Until now I hadn’t appreciated the extent of nitrous oxide’s entry into the world of illegal drugs.
A good example of this was revealed during a trial at Leeds Crown Court last year which ended with three men being jailed for illegally importing millions of cannisters of nitrous oxide through a string of fake catering companies.
Just over 91 million canisters were shipped into the country by trio between 2016 and 2018 despite them knowing a new ban had been introduced making importation illegal if they were likely to be used as a psychoactive substance.
An investigation by the Yorkshire and Humber Regional Organised Crime Unit found the men had set up a string of fake catering companies in the UK and Europe to facilitate importation and the laundering of up to £16.7m.
The fake firms were created as a cover because nitrous oxide was and still is legitimately used as a propellant in the catering industry to whip cream as well as an inert gas to fill snack and crisp packets.
What caught my eye in this tale was the scale of the mens’ operation.
Their total shipment of 91,350,000 canisters compared to the combined total of 3.8 million canisters used by two of the UK’s biggest coffee chains, Starbucks and Costa, over the same period.
A burst of nitrous oxide either directly from a canister or inhaled via a balloon filled with the gas is no laughing matter despite the initial euphoric buzz is creates.
Three years ago 25-year-old Natasha Woroch died when a car she was travelling in s a passenger crashed on the A161 at Belton in North Lincolnshire.

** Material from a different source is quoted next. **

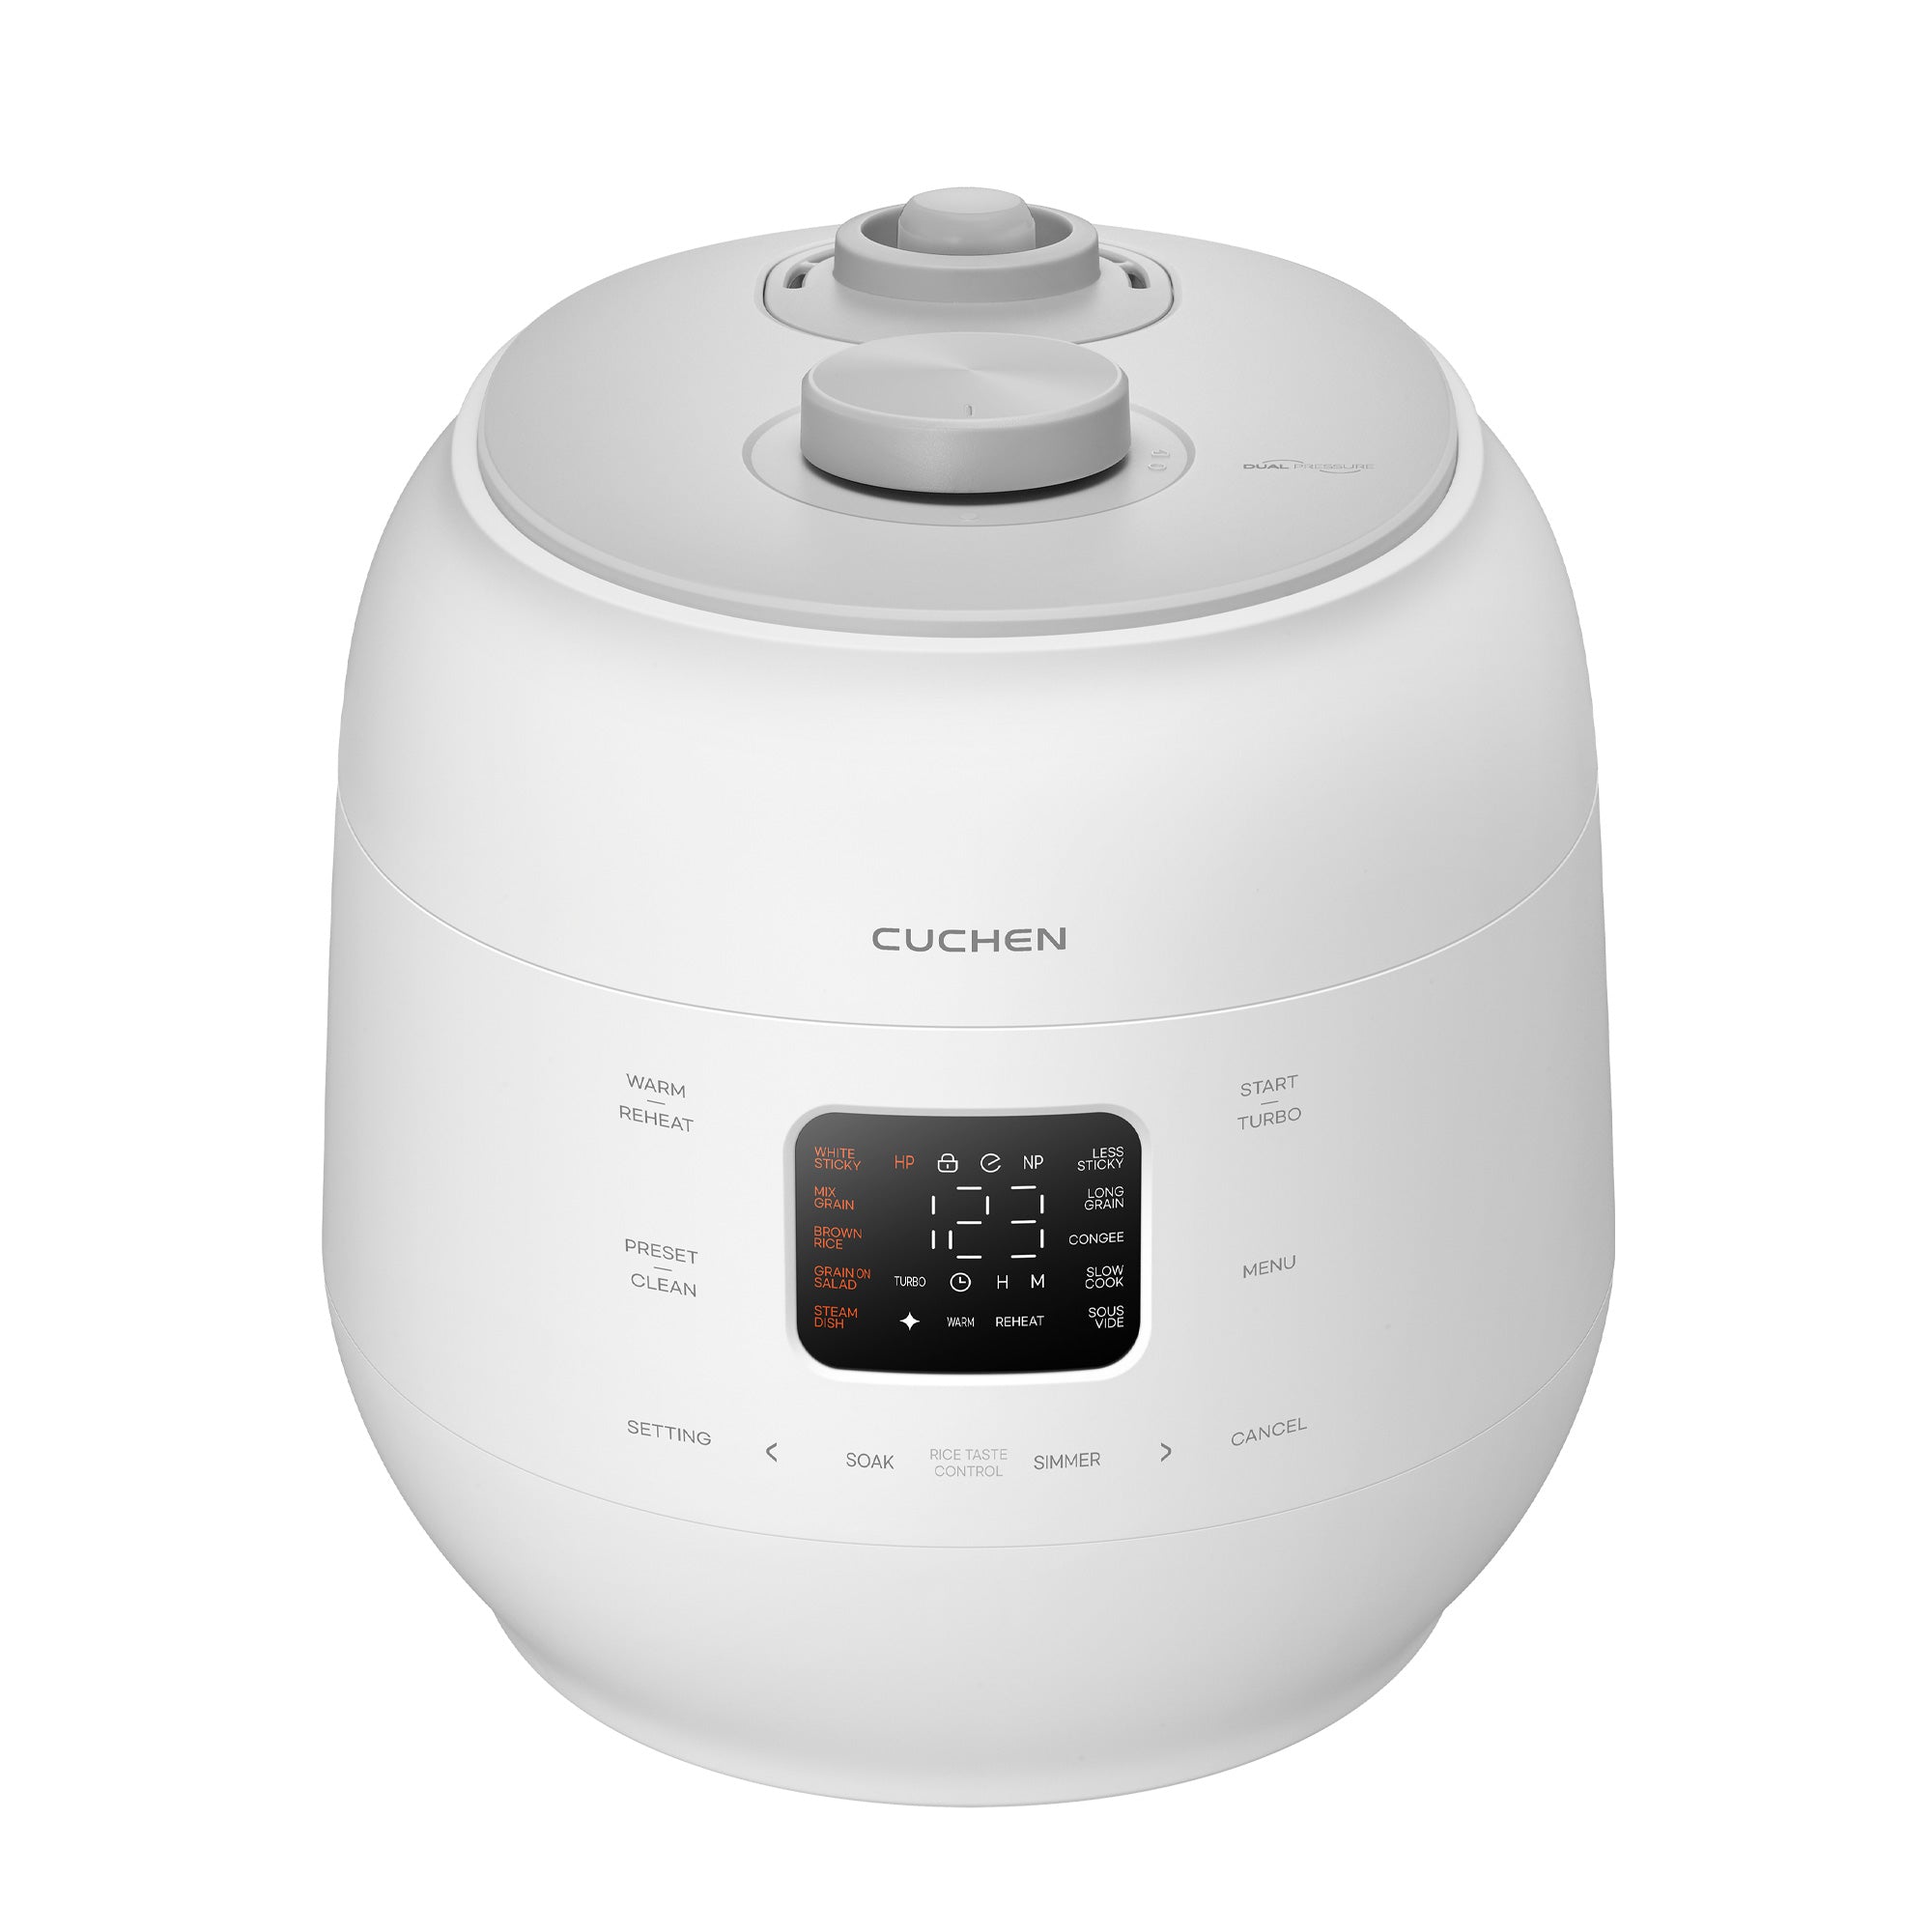 Continental 6-Cup (Cooked) Rice Cooker White, 6-Cup - Fry's Food

The car was being driven at speeds of over 80mph in a 30mph zone before the crash. CCTV footage showed the driver, Connor Malpas, from Doncaster, emerging from the wreckage with a balloon filled with nitrous oxide still in his mouth. He was also seen removing a removing a rucksack containing alcohol and nitrous oxide from the vehicle and giving it to another passenger to dispose of.

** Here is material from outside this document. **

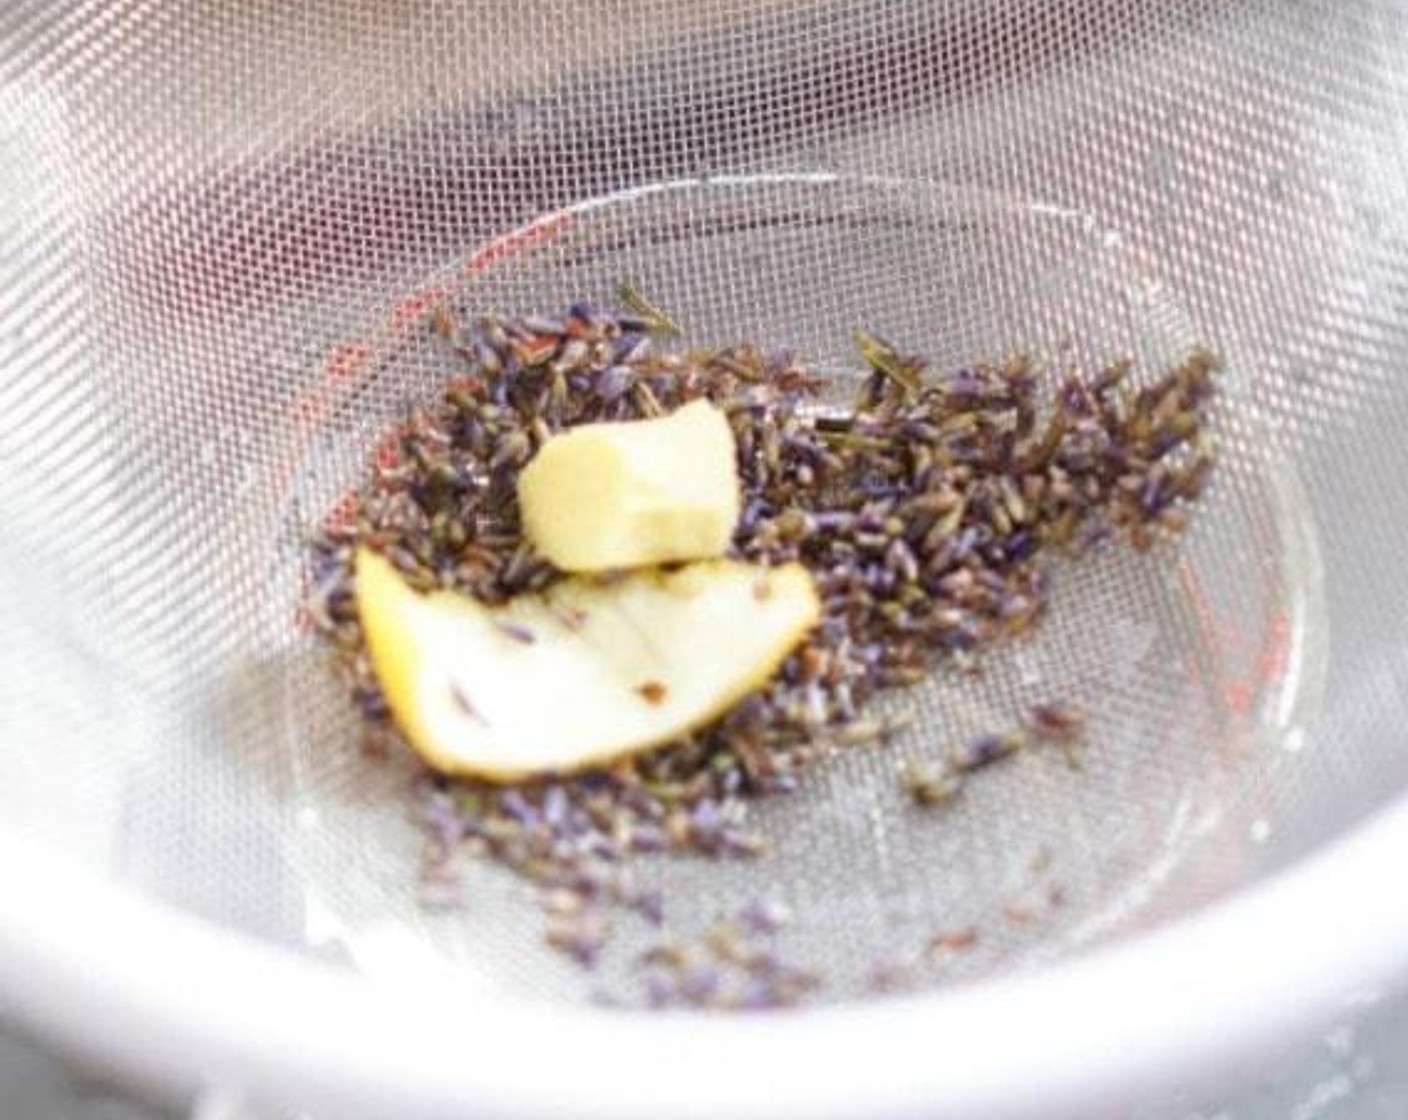 step 3 Add the Lemon Peel, Fresh Ginger (1 in) and Dried Lavender Bulbs (2 Tbsp). Infuse for one hour or overnight in the fridge. Strain, discarding the solids.

Malpas was initially jailed for ten years and sis months at Grimsby Crown Court in August 2024 after admitting causing the death of Natasha, who was his partner, and seriously injuring two other passengers. His sentence was later increased to 13 years and six months by the Court of Appeal after a referral by the solicitor general.
Speaking last November, Natasha’s mother Rachel Jarvis, said she felt “distraught” about young people using nitrous oxide to get high.
She added: “I just feel people don’t realise the effects of taking it, particularly whilst driving. If you could sit in my shoes for a minute you wouldn’t do it.
“I just thought at the time it might just be a passing craze and I really hoped it would be a phase for young people but clearly it’s not. It’s called laughing gas but it’s no laughing matter for us.”
After the ugly and the bad, what about the good?
Well, an arrest and a seizure of illegal drugs is a good result for Humberside Police and I will follow the case as it winds its way through the courts over the coming months.
Meanwhile, the dog and I will continue keeping an eye out on our daily walks.